If you're an old fan you might stop cold when you hear the band's new sound. I'll just be direct here: Jane's Addiction have embraced the stainless steel of nu-metal. That said, the old band is recognizable-- Farrell even shouts "HERE WE GO!" to kick it off-- but now they're tight, clean and less dynamic; some tracks sound slick enough to fit in a movie about street-racing sports cars. And who thought Farrell's voice would fit the bold, basic hard rock of the single "Just Because"?

But let's assume none of that bugs you. They went modern, and sometimes they sound like the music your little brother listens to because he's still scared of your records-- but they still knock aside pretty much anything else on commercial rock radio today. The performances are ferocious. Farrell sounds completely committed, pushing more out of his voice than you'd think it could give him. Navarro's leads fly by so often he barely pauses to point them out. Producer Bob Ezrin (Kiss, Alice Cooper, Pink Floyd) deserves credit for catching (or generating) all the excitement in this date, even if the perfection is unnatural: the finishing touches are immaculate, from the light use of keyboards to the occasional choir and horn section, all layered barely above the surface.
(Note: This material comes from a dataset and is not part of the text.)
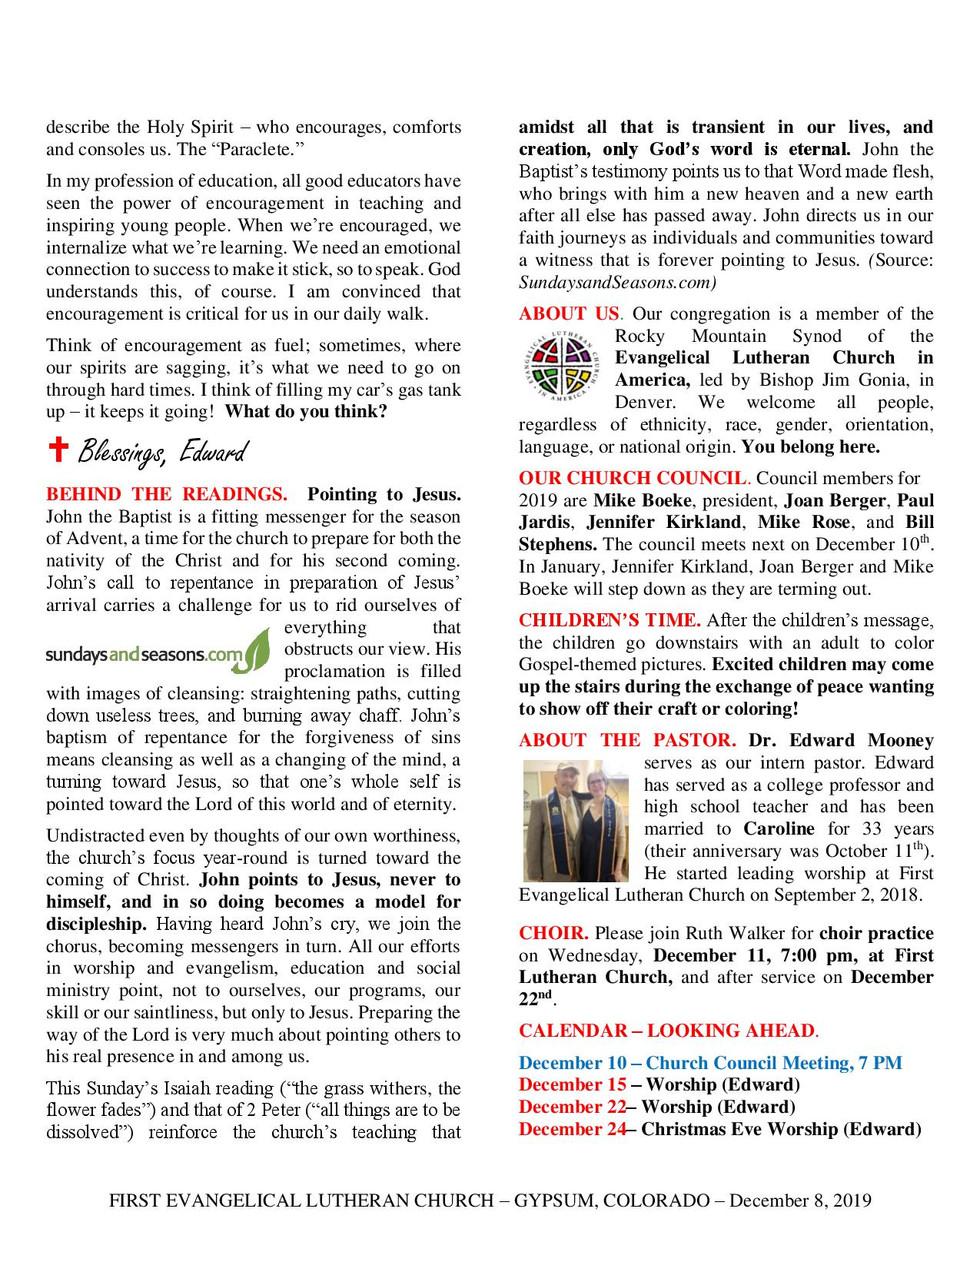 Newsletter December 8, 2019, page 2

"Hypersonic" is a dizzyingly tight piece of metalcraft that screeches to a giddy finish; "True Nature" and "Wrong Girl" echo the segues and moody sections of past Jane's tunes, while "Superhero", the most cussing (and probably my favorite) song, acts as traditional mid-album sass-swagger, with its catchiest hooks. They sequenced the most creative songs around the clichéd hard rock of "Price I Pay" and "To Match The Sun", but unfortunately, the album's strengths stop at its construction. Strays lacks what what made the band great in the first place: believable songs and lyrics. According to interviews, the band wrote this material in the studio, so it's not surprising that none of the songs sound like they were burning to be written-- or remembered.
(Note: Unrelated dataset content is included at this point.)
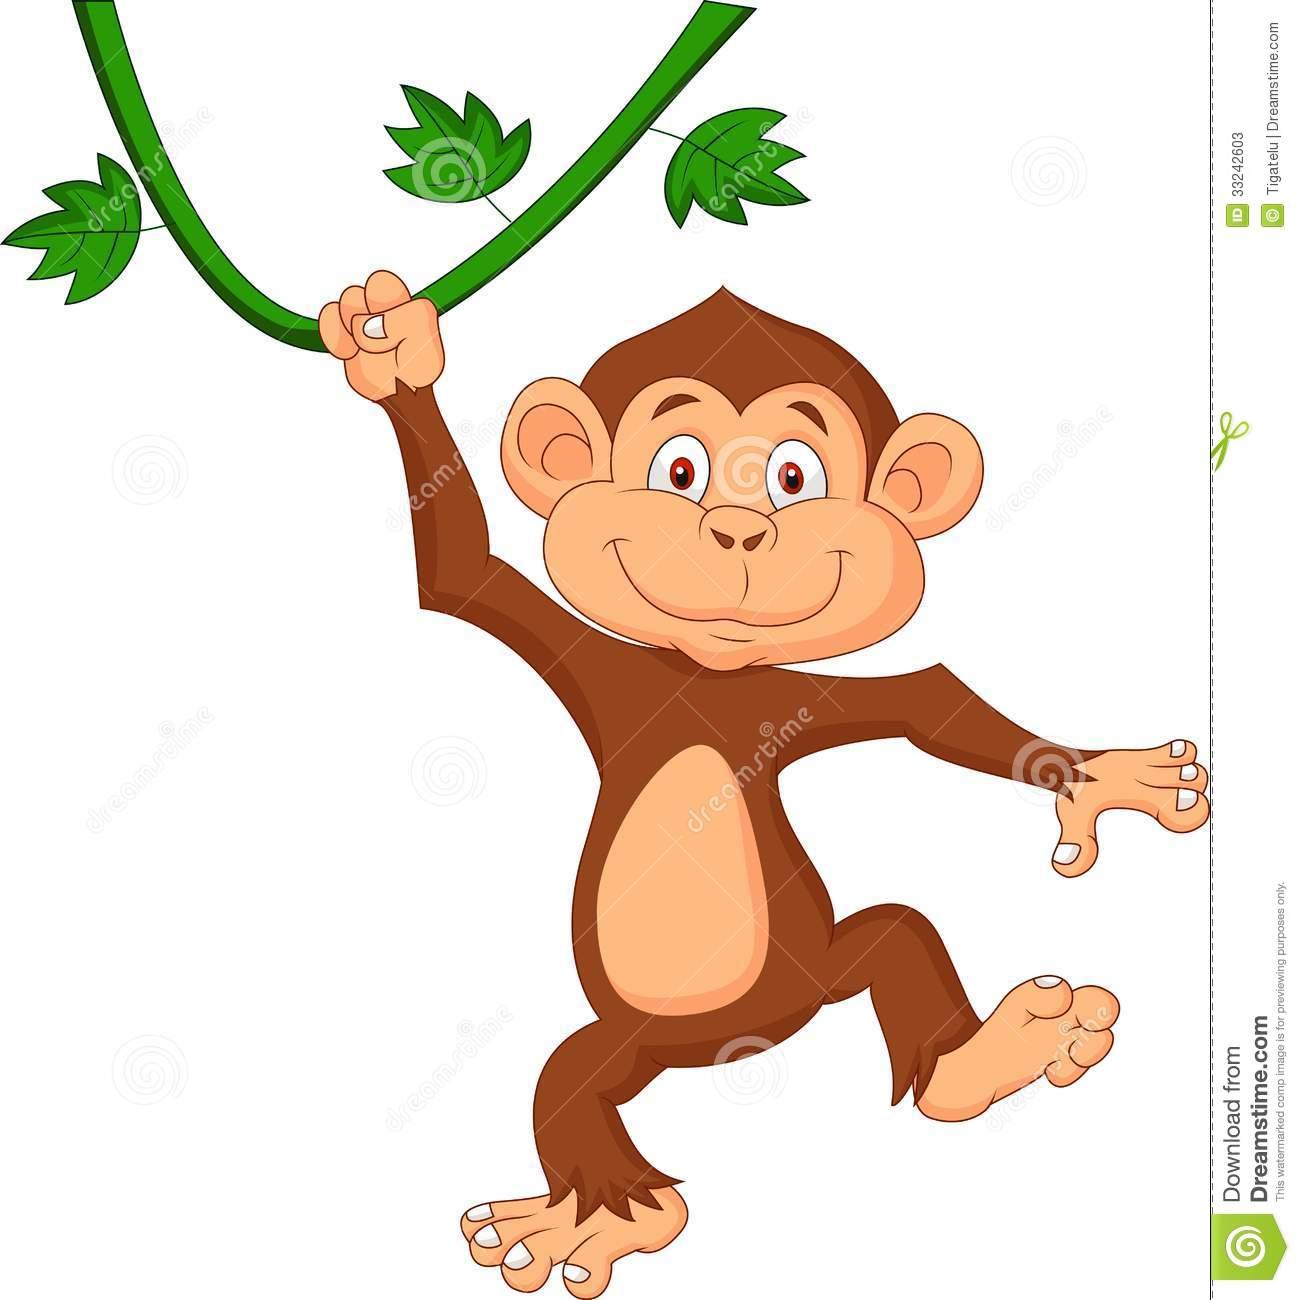 1300x1300 Hanging Monkey Cartoon Cute Monkey Cartoon Hanging Illustration

The chorus of "Superhero" and the Zep-riffs of "Wrong Girl" don't excuse the forgettable hooks and by-the-numbers hard rock that fill most of the record. The problem isn't that they didn't write a new "Jane Says", it's that none of these songs can touch any of the material from the first three records. The dynamics-- the bass-led segues and sudden avalanches of sound, the hooks and stylistic extremes-- are simply absent. Strays boasts the band's career-worst dog, the ballad "Everybody's Friend", with an acoustic guitar part that won't be played in dorm rooms across America, and groaner lines like: "Men of peace/ Men of war/ Tell me, who knows more?" And that's more colorful than the kitchen magnet verse on the other songs. Still, as if knowing this, Farrell whizzes through and preferentially emphasizes the timbre of his voice over what he's saying: the lyrics have gotten wordier, yet none of them sound like they matter.
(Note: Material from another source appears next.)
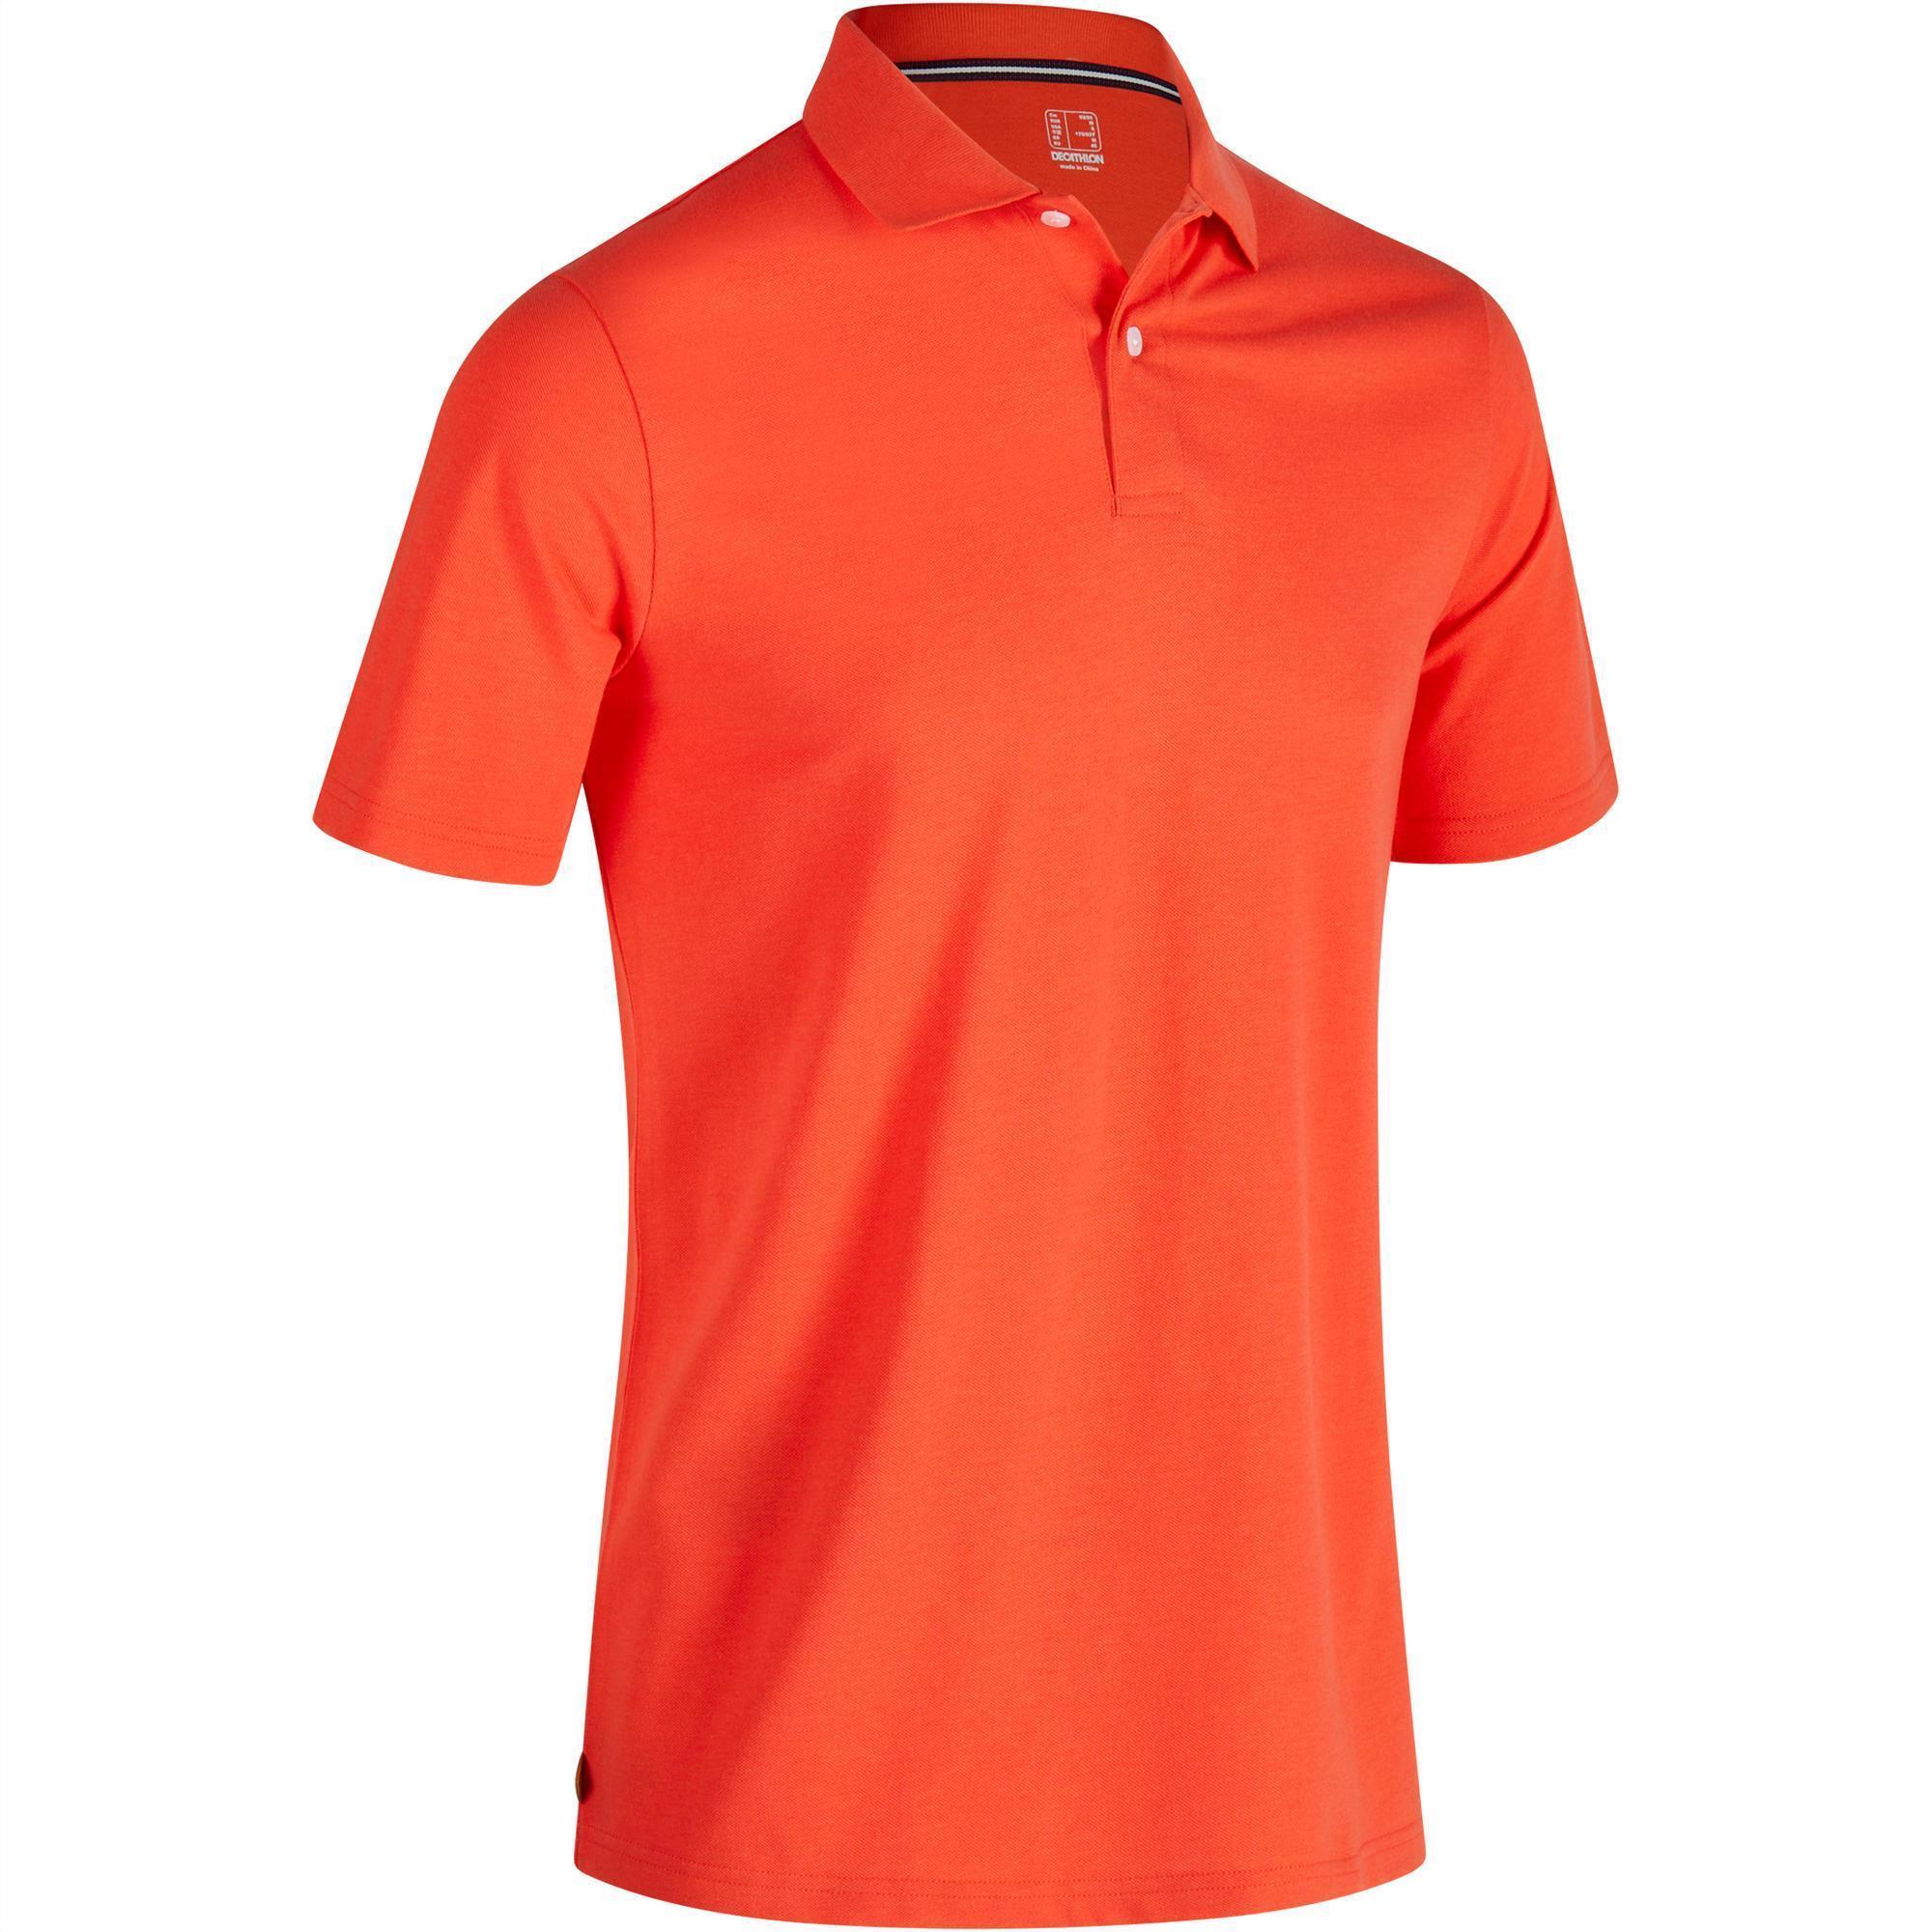 polo de golf homme manches courtes 500 temps chaud rouge inesis golf. Black Bedroom Furniture Sets. Home Design Ideas

It's hard to go from the songs on Ritual that seemed torn from Farrell's guts to this one-dimensional writing, but to be fair, those comparisons ignore that twelve years have passed. Farrell's not the man he was-- and nobody wants to hear a fortysomething sing about living clean and studying the Torah. He's in a different life: he's done letting us live vicariously through his mania. Judging from Strays, he and the band aren't out to add to the significance of their earlier work; they take the momentous quality of their reunion momentum and aim for the ages. At least they want to rock. For a reunion cash-in, that's saying a lot.